**Problem to solve:** Reproduce the listing below in full and exactly; no pictures belong in the copy.

**Data shown:**
┌────────

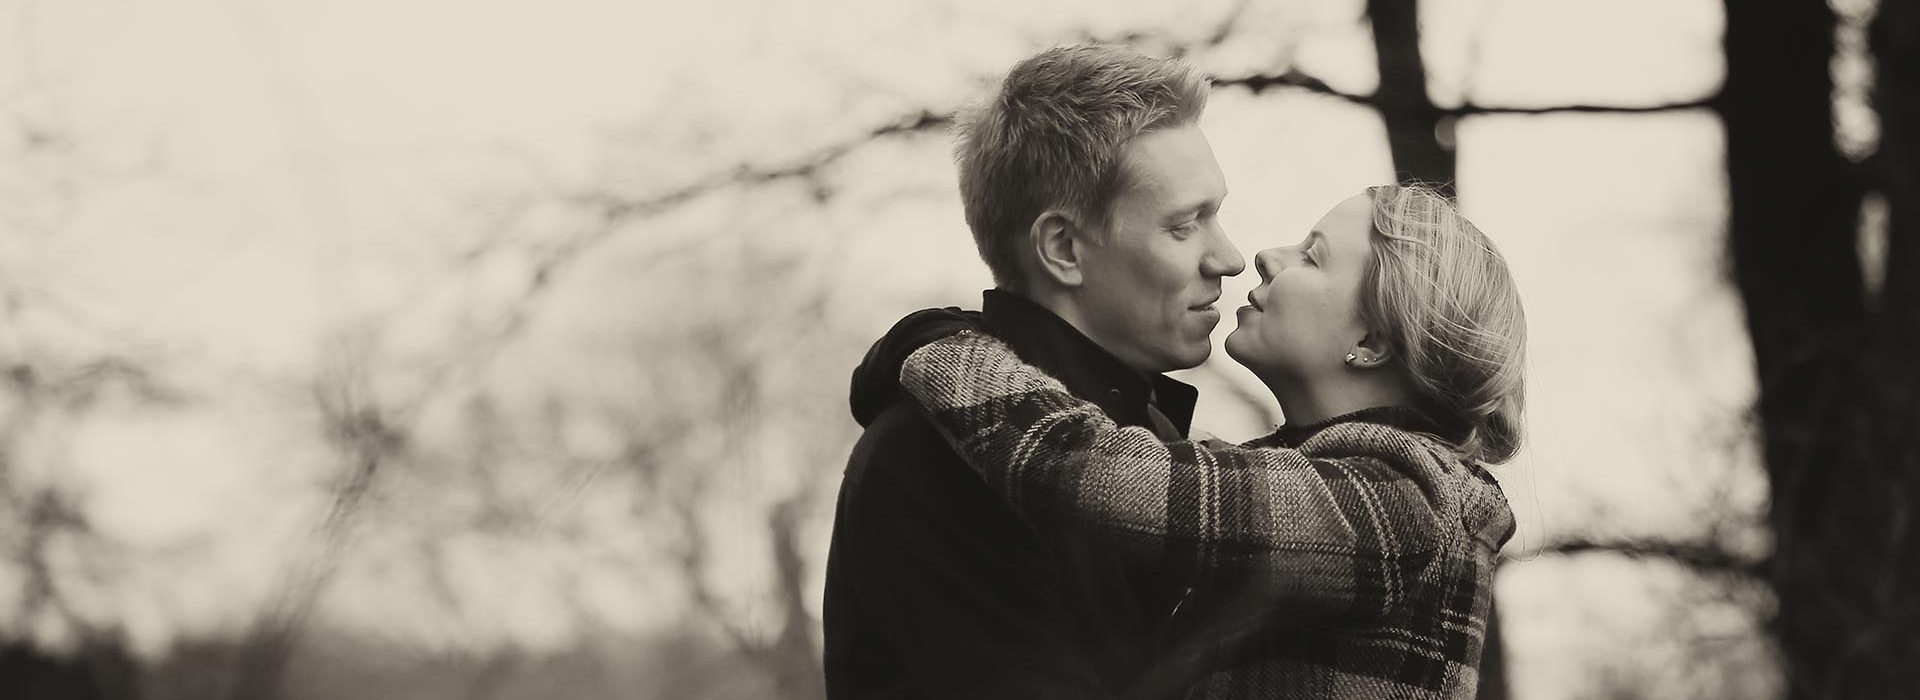 Love-Story-Shooting mit Alanah & Christian in Wolfsburg
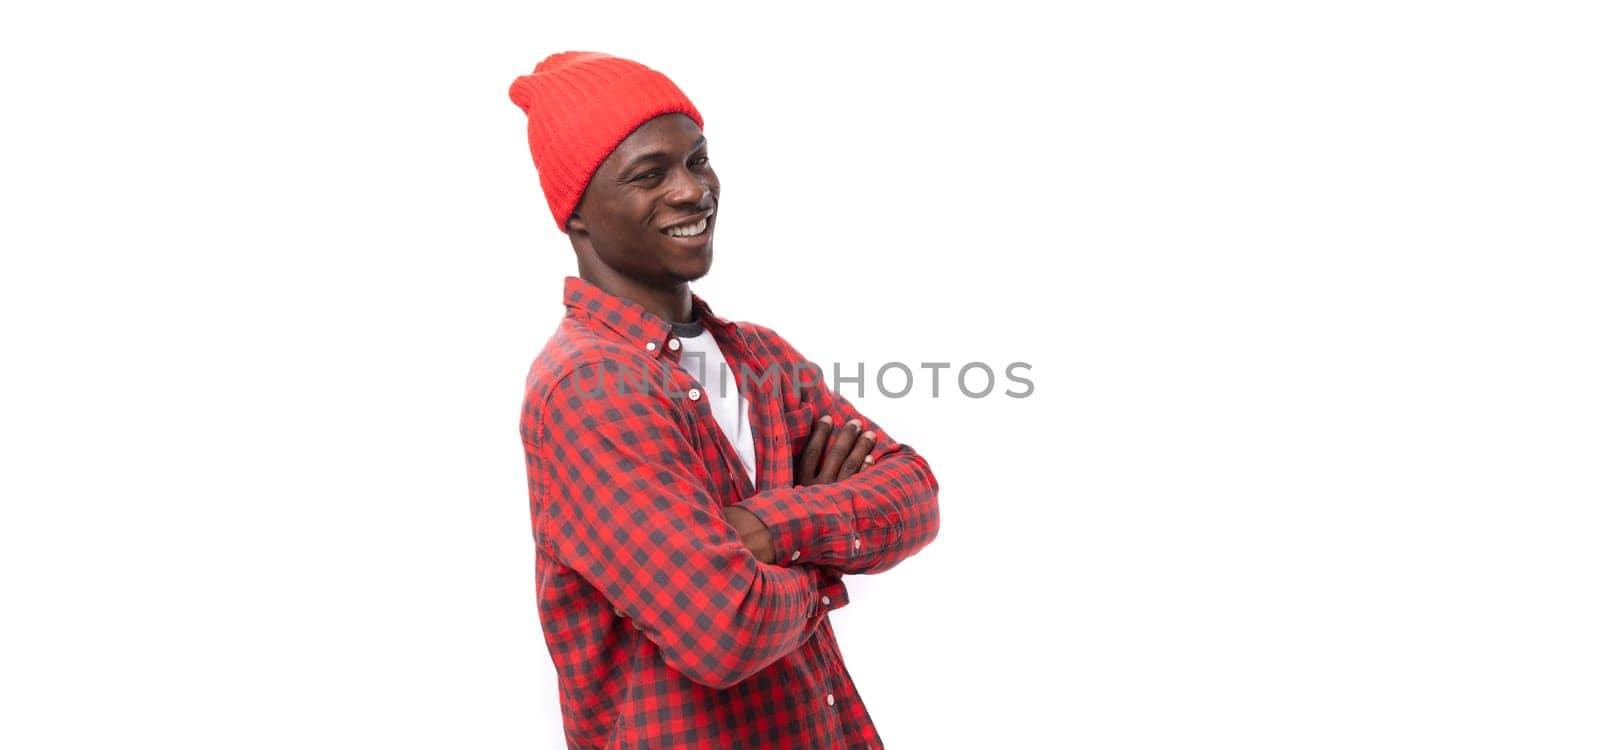 handsome embarrassed dark-skinned man in a casual plaid shirt of model appearance on a white background with copy space.
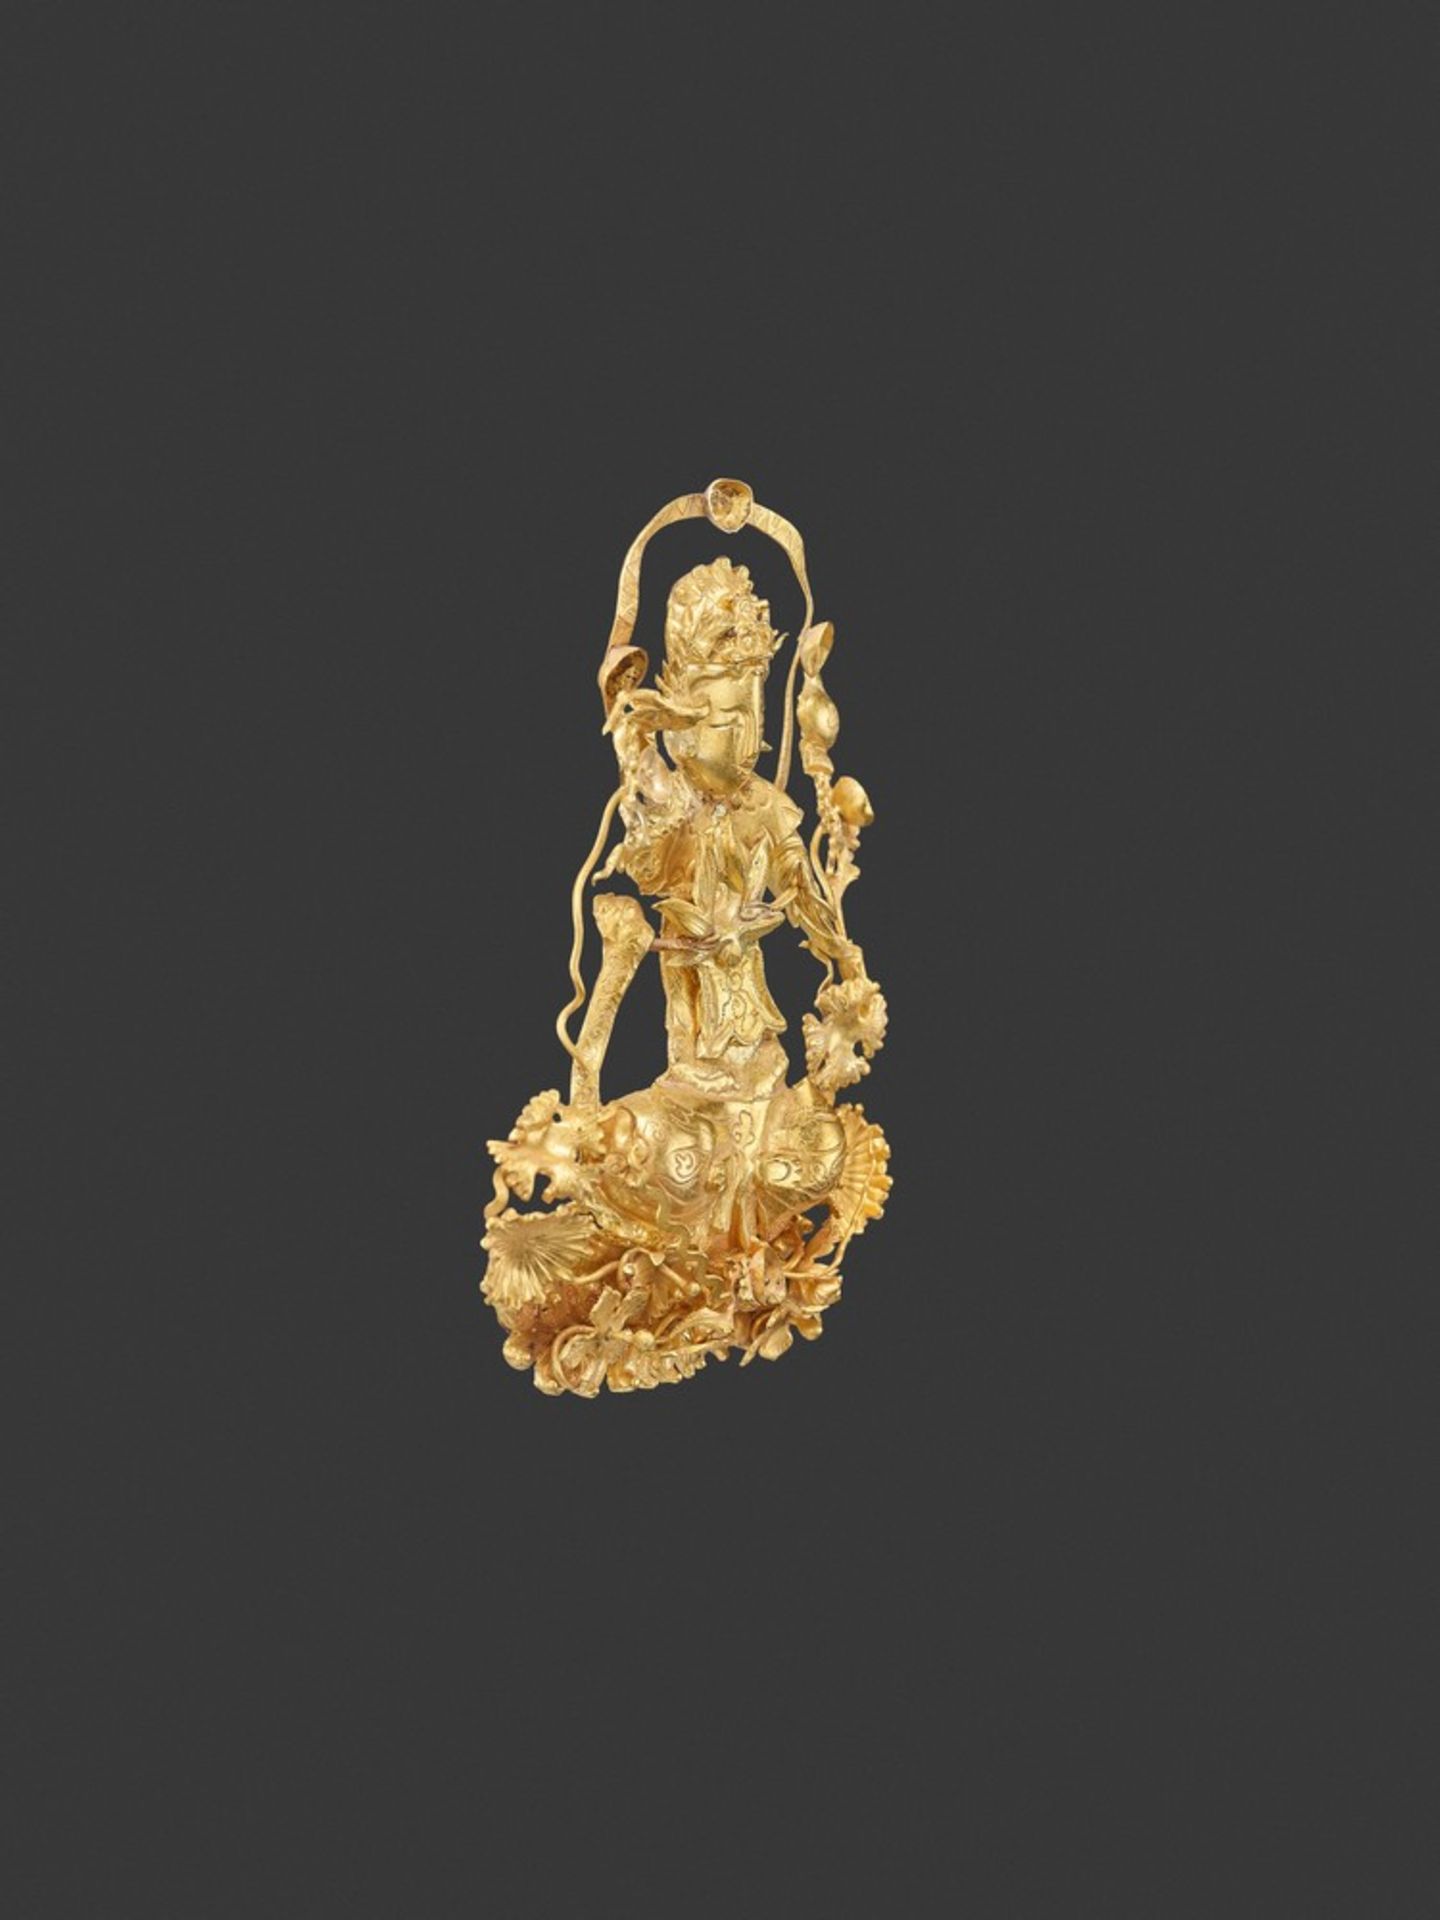 A LIAO DYNASTY GOLD REPOUSSÉ 'GUANYIN' FILIGREE ORNAMENT China, 916-1125. The Goddess of Mercy - Image 3 of 9

└────────

**Answer below:**
 Love-Story-Shooting mit Alanah & Christian in Wolfsburg
 handsome embarrassed dark-skinned man in a casual plaid shirt of model appearance on a white background with copy space.
 A LIAO DYNASTY GOLD REPOUSSÉ 'GUANYIN' FILIGREE ORNAMENT China, 916-1125. The Goddess of Mercy - Image 3 of 9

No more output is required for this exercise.